Chip's Challenge - Lynx Mode

Differences in Rules


Rare situations and advanced tricks


  • In Lynx, a monster that enters a blocked teleport will be unaffected by the teleport, and will attempt to make its next move as usual. But if it tries to move in a direction that is blocked, it will then teleport in that direction if possible. Thus, walkers or blobs entering a teleport blocked along the line of entry could likely end up teleporting in a transverse direction. Other creatures too may teleport in unexpected directions - if the tile they chose to retreat into gets occupied by a creature that moves earlier in the "creature order".
  • In MS, Chip is never safe from a sliding block headed towards him, even if the tile that he is standing on is one that the block would normally bounce off. Such tiles are: thin walls, ice corners, thief tiles, closed toggle walls and popup walls.
  • In MS, creatures (including Chip and blocks) starting out on force floors or ice tiles are not initially subject to those forces, and can move off in any direction - whenever they feel like doing so. In Lynx, creatures are immediately governed by these forces and will be pushed in the appropriate direction. A "directional" cloner block on ice will move in its assigned direction. A "normal" block on ice will move north. Thus, the level shown in the image can be solved in Lynx.
  • In MS, toggle walls and teleports that start out below Chip or a block remain "dead". Such toggle walls will never switch states, and such teleports will not participate in the network of remaining teleports. Therefore, the very simple level shown in the image cannot be completed in MS.
  • In MS, when Chip knocks off a block onto a button without moving himself, the button is not triggered. This has been termed the "button smash" glitch. In the example, pushing the block will not clone the fireball and the bomb will remain intact.
  • When Chip enters a teleport at the same time that a monster has stepped into the destination teleport, he will "partial post" to the next teleport. This is true of both modes. But when the creature comes sliding in to the teleport, Chip is bound to die in MS, but not so in Lynx. In the teleport arrangement seen here, if Chip enters just as the glider is returning into the middle teleport, he will partial post to the exit on the right. If he waits just a bit longer so that it's coming back out of the one at the bottom, he will still dodge it, rebound and reach the exit on the left. These solutions would be possible even if the glider were to be replaced by a block.
  • In Lynx, cloning is a single-step process: if the output tile is vacant when the red button is hit, the clone immediately enters that tile. In MS, the output tile is checked when the button is hit, but the clone will be placed in the tile on the next move. Now if the tile has since been occupied or sealed, the clone will still exist, hidden inside the clone machine, waiting for a chance to come out.

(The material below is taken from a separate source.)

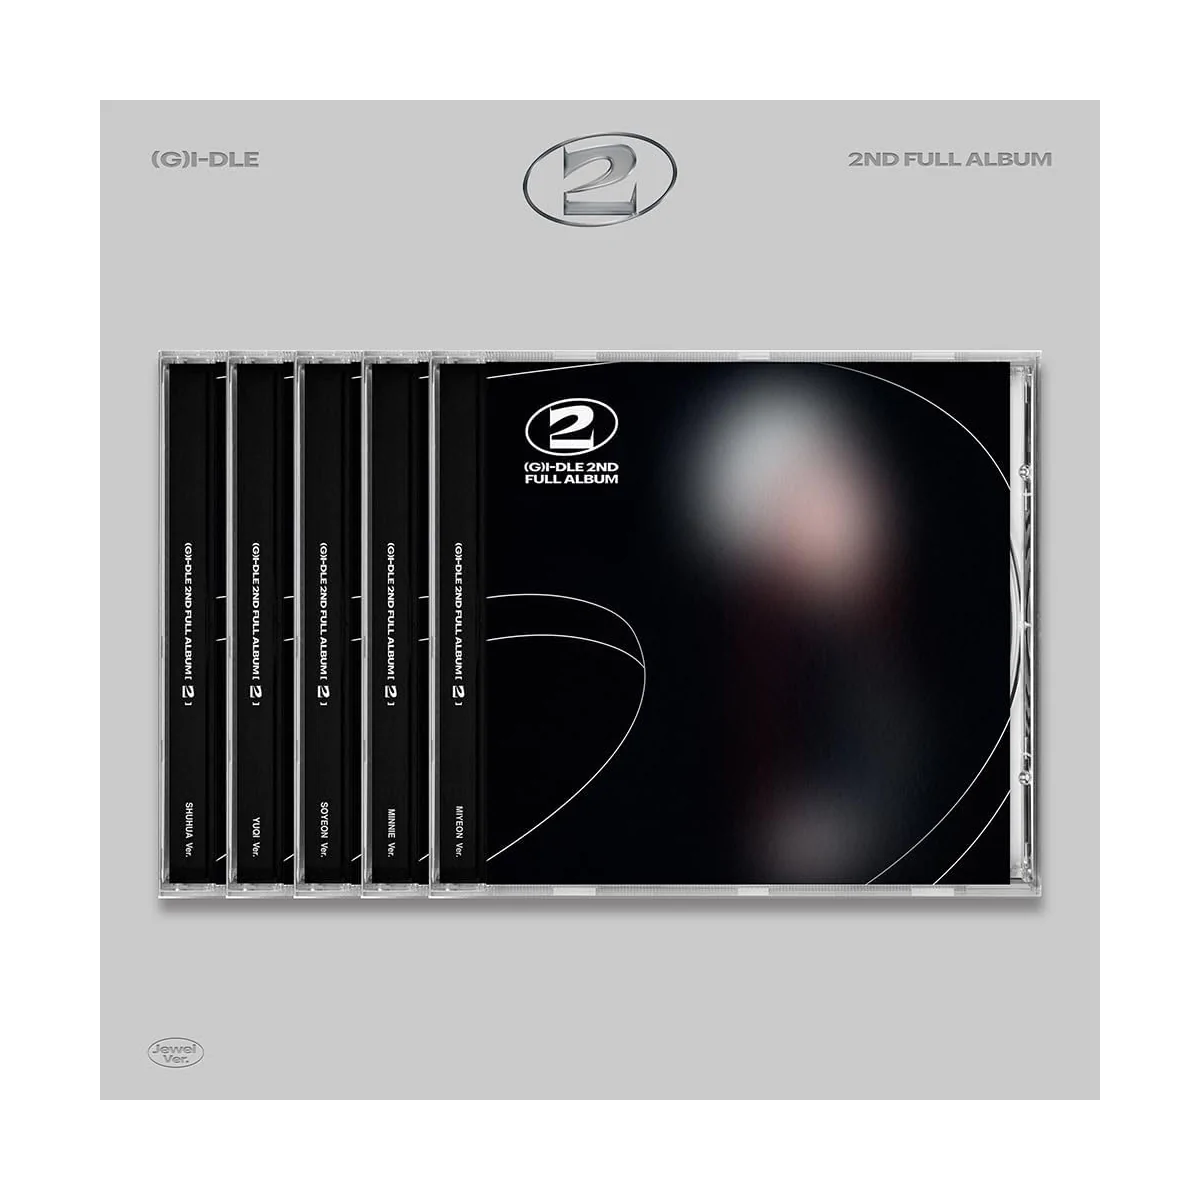 (G)I-DLE - 2 (Jewel MINNIE Version) (2nd Full Album)

    Such "latent" clones may also be created when the output tile wasn't even vacant in the first place - when it was occupied by a monster of the same species facing the same direction as the cloner. What's more is that tank clones waiting to be released can be turned around by blue buttons, and doing so will also flip the direction of the tank cloner itself.

    By putting all this together, the adjoining example allows reaching either exit in MS, but neither in Lynx.

  • To quote Brian Raiter, "When I originally started compiling this document, I had hoped to make it comprehensive. ... I no longer entertain such hopes, however, as I have come to realize that the differences are too numerous."

    Several complex differences have not been listed in this guide. There are also some known bugs in Tile World's implementation of the rules, which might perhaps be fixed in a later version. Information regarding all these can be found elsewhere: see the "Further Reading" section that follows. There might also remain a few differences that are not yet documented, or even discovered.

    Don't bother too much about these differences; the goal is simply that levels be equally enjoyable in both rulesets.